Def freezes at 12F but the tanks are heated, should thaw out quickly


----------



## IHCman (Aug 27, 2011)

No tractors with def but both dad and I have Dodge diesels with def. Haven't had a problem with the cold yet. Supposed to run until the heater thaws the def out and then I think i was told it pumps the def back to the tank when you shut it off. Don't really even think about it, just start the pickup and let it run 10 mins or so and then drive.
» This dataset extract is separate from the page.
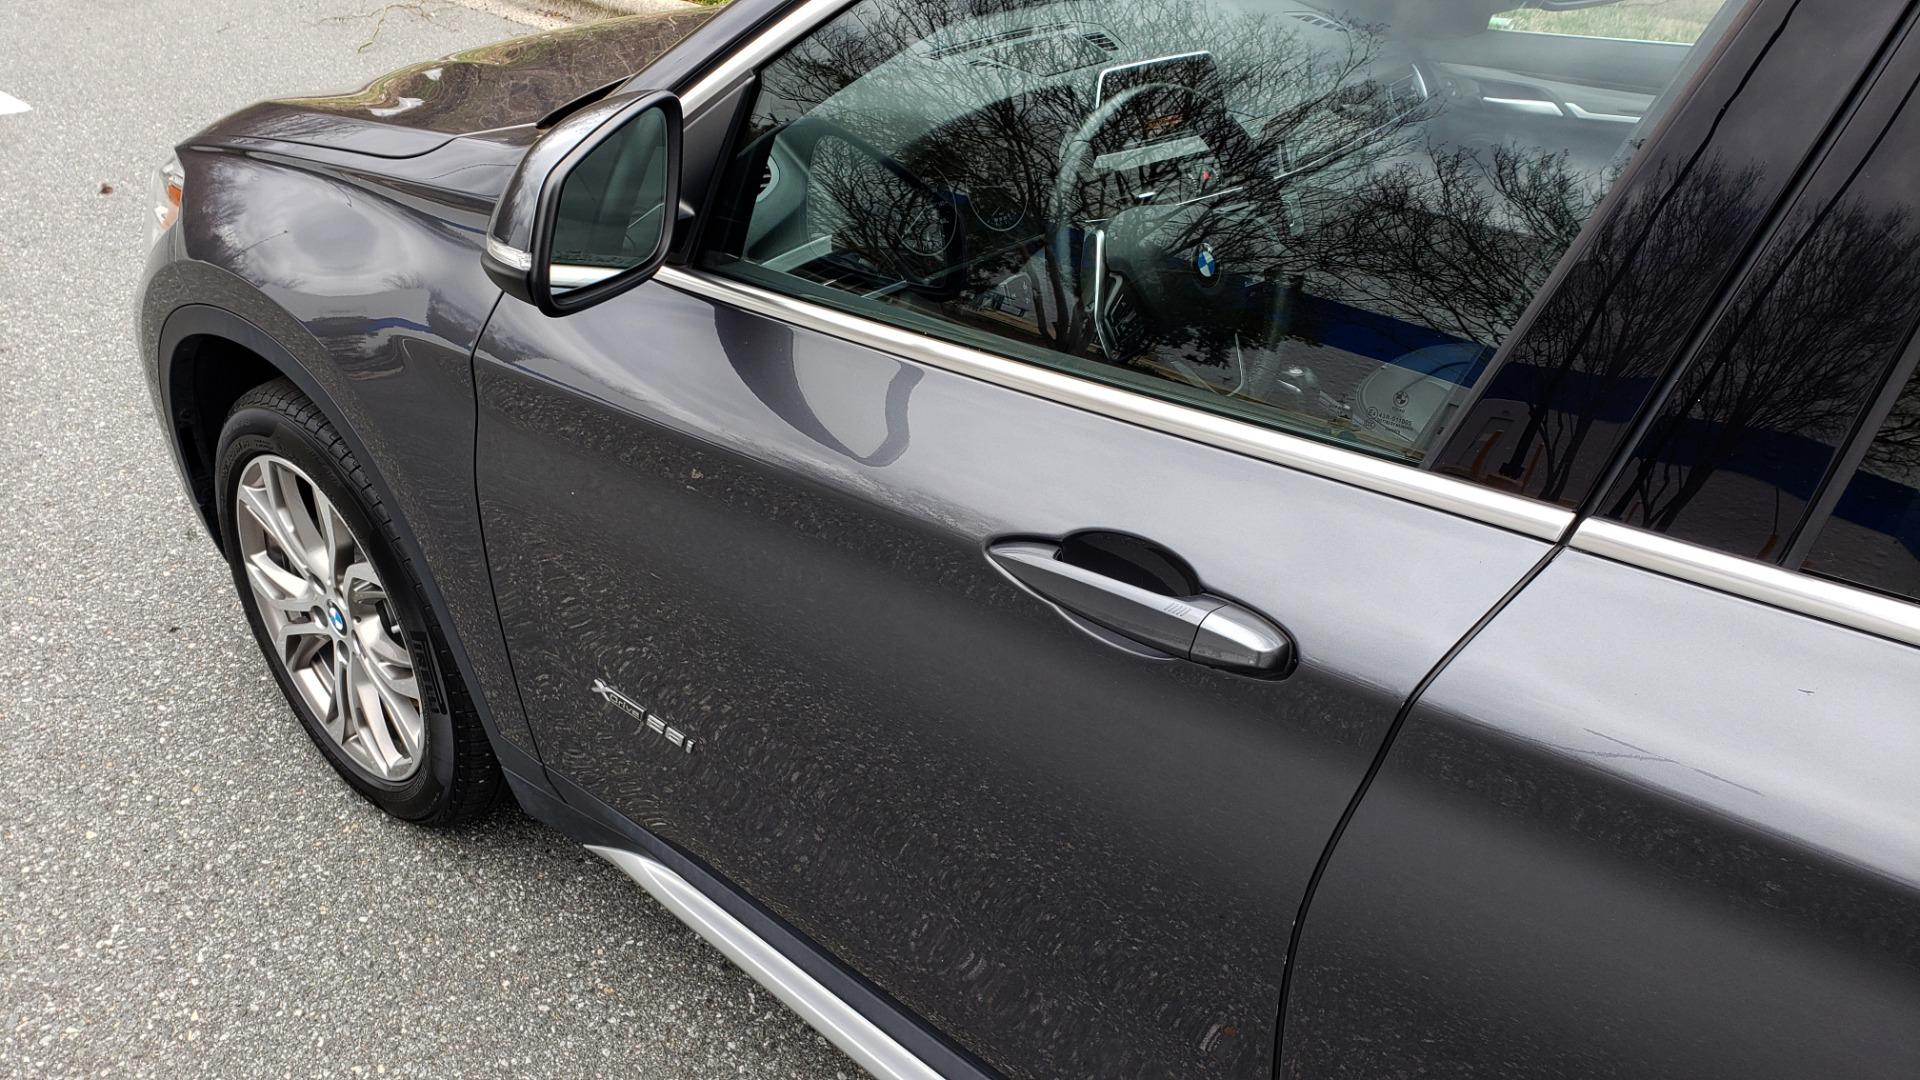 Used 2017 BMW X1 XDRIVE28I / PREM PKG / DRIVER ASST / NAV / CLD WTHR for sale Sold at Formula Imports in Charlotte NC 28227 7

I try not to let the new one idle much as I've been told its not good for the filter in the exhaust.


----------



## SVFHAY (Dec 5, 2008)

I agree on the heated tank, I was told computer will let you run with out def flow long enough for tank to thaw in freezing temps.


----------



## 2ndWindfarm (Nov 11, 2014)

So, even if you let the tractor sit for a couple of weeks without running the engine (and tank heater) everything should be good to go the next time you fire it up?


----------



## deadmoose (Oct 30, 2011)

The title had me tinking u got a turdy pointer.


----------



## SVFHAY (Dec 5, 2008)

2ndWindfarm said:


> So, even if you let the tractor sit for a couple of weeks without running the engine (and tank heater) everything should be good to go the next time you fire it up?


IF it starts you should be good, or so they say.

Great thread title btw.


----------